Не успел Суон как следует заштриховать пальмовый листок (а это занятие приводило его обычно в медитативное состояние, прекрасно подходящее для обдумывания деталей), как в кабинет радостно ворвался Гэйбл, таща за собой изрядно потёртого малого в изрядно же потёртом кэбменском цилиндре.
– Есть свидетель! Мы нашли кэбмена, который привёз вечером полковника из гостей. Вот – это мистер Гук. Рассказывайте, Гук, – скомандовал Гэйбл с таким торжеством, словно демонстрировал старшему инспектору не кэбмена, а говорящую собаку.
– Весьма положительный был джентльмен, – заверил Гук. Связная речь давалась ему с таким трудом, что и впрямь напоминала плоды кропотливой, но не слишком успешной, дрессировки.
– Ну же, Гук, рассказывайте дальше! – поторопил его Гэйбл.
– Да что там… дак… на чай дал. Весёлый джентльмен, очень был доволен.
– И что нам это даёт? – с недоверчивым недоумением спросил Суон Гэйбла.
– Дальше, голубчик, дальше говорите! – нетерпеливо, с отчаянием в голосе, понукал кэбмена инспектор Гэйбл.
– Дак я и решил – время позднее, постою. Там напротив стоянка как раз. Полчаса. Потом домой поеду.

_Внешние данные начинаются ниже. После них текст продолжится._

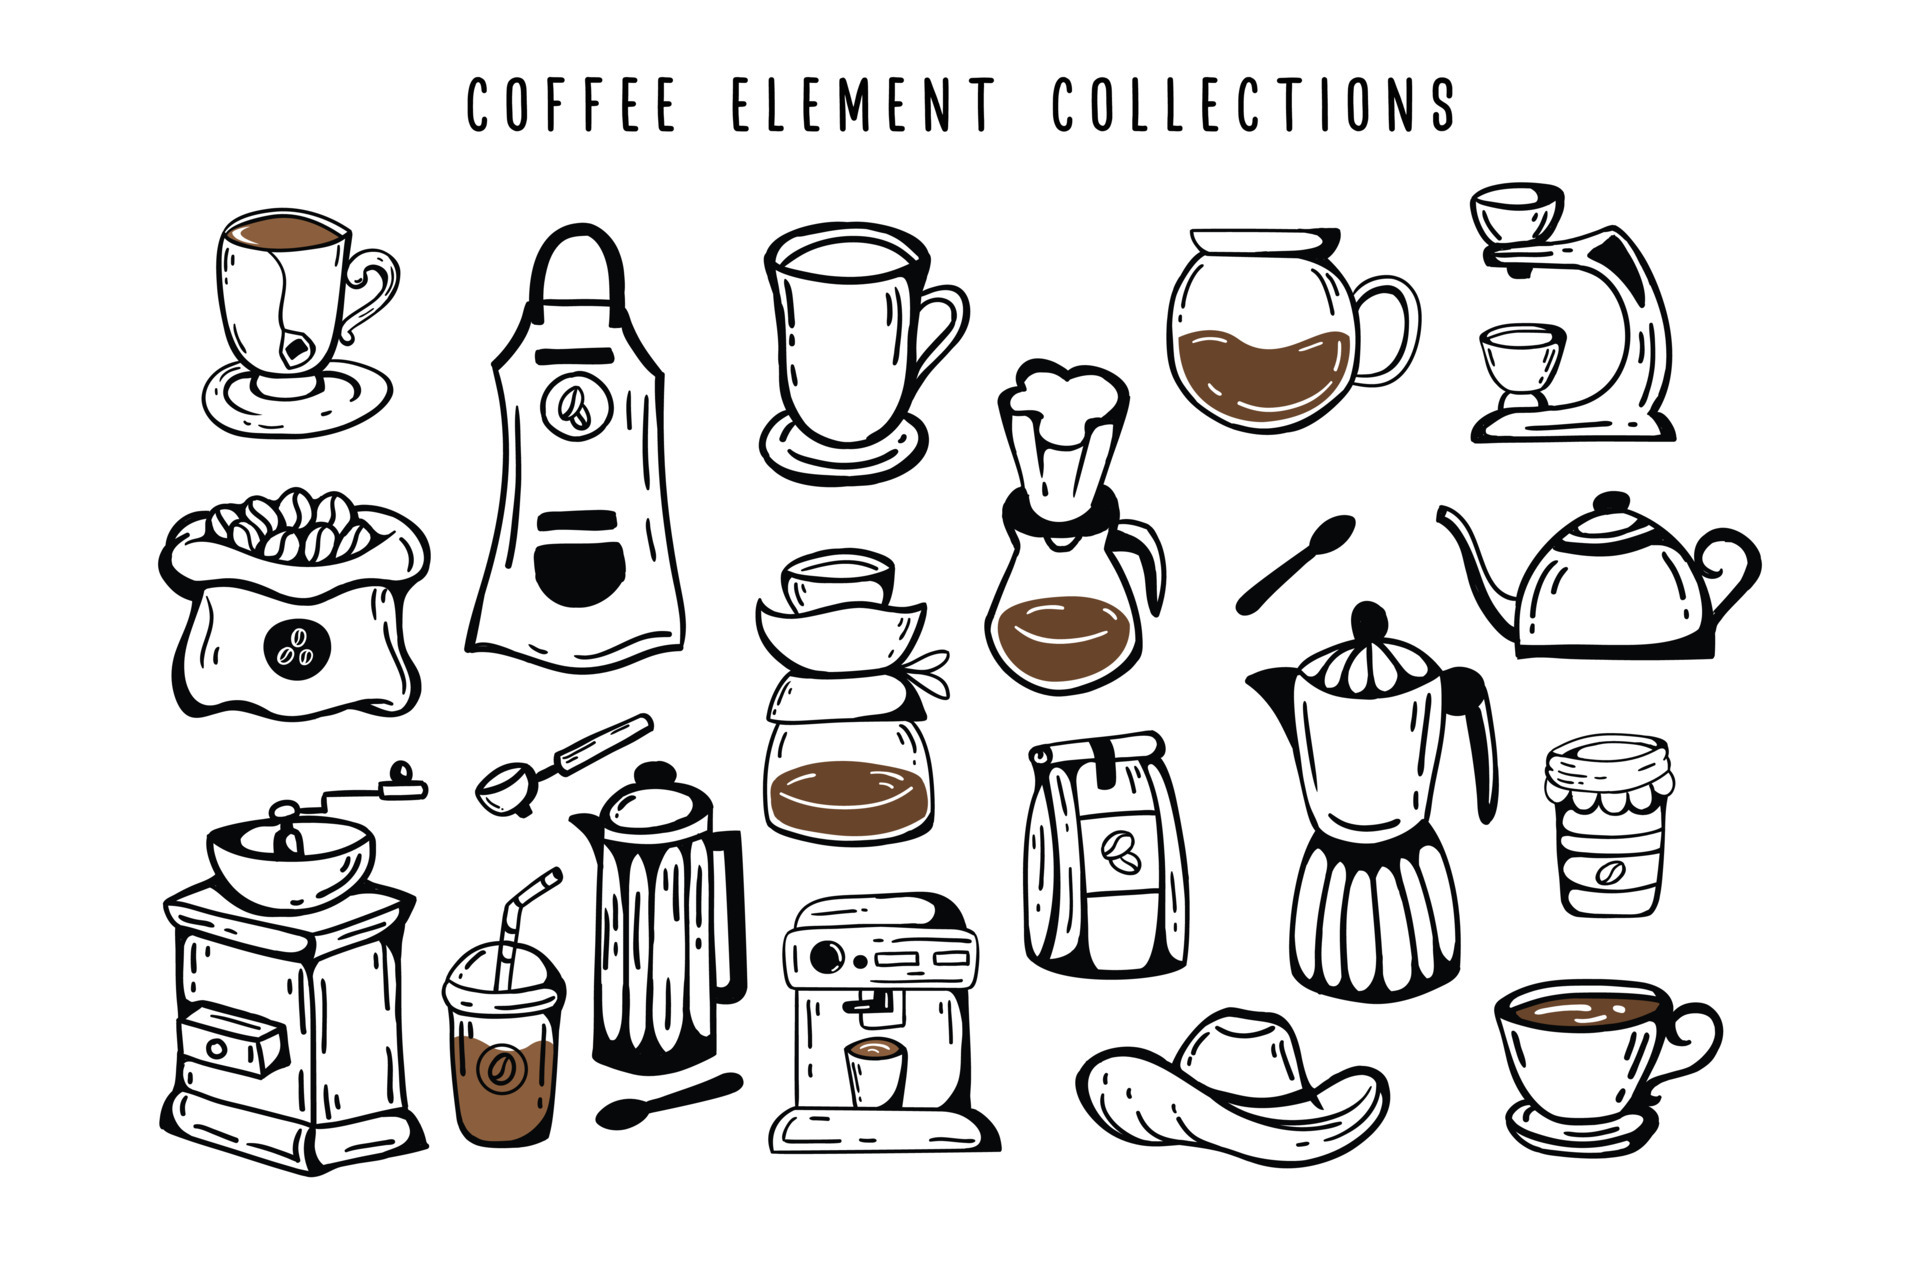 https://static.vecteezy.com/system/resources/previews/007/110/116/original/set-of-hand-drawn-coffee-elements-vector.jpg

Гэйбл проявил чудеса терпения, прежде чем Суон смог составить какое-то представление о свидетельстве кэбмена. Итак, кэбмен уже собирался домой и выезжал со стоянки, когда к дому полковника подъехал другой экипаж, из него вышел джентльмен в инвернесском пальто с длинной пелериной и постучал в дверь. Открыл сам хозяин, его Гук хорошо разглядел, потому как прямо над дверью висел электрический фонарь. Полковник впустил позднего визитёра «с приятностью», как выразился кэбмен, но вот разглядеть гостя кэбмен не смог – тот стоял спиной.
– Ну, допустим, полковник знал своего убийцу, и ждал его вчера вечером, – стал подводить итоги Суон, когда Гук был отпущен. – Человек приехал в пальто с пелериной… Негусто, негусто… Ступайте, Гэйбл, и непременно сразу сообщите мне, если будут известия.
Когда инспектор ушёл, Суон поднял трубку аппарата и назвал номер Ивы.
– Алоиз? Алоиз, голубчик, полюбопытствуйте у мисс Ивы – как были одеты вчерашние гости. Особенно по части верхней одежды, если мисс Ива имела возможность её видеть. В фехтовальном клубе? Ну, если что – я в Управлении, жду.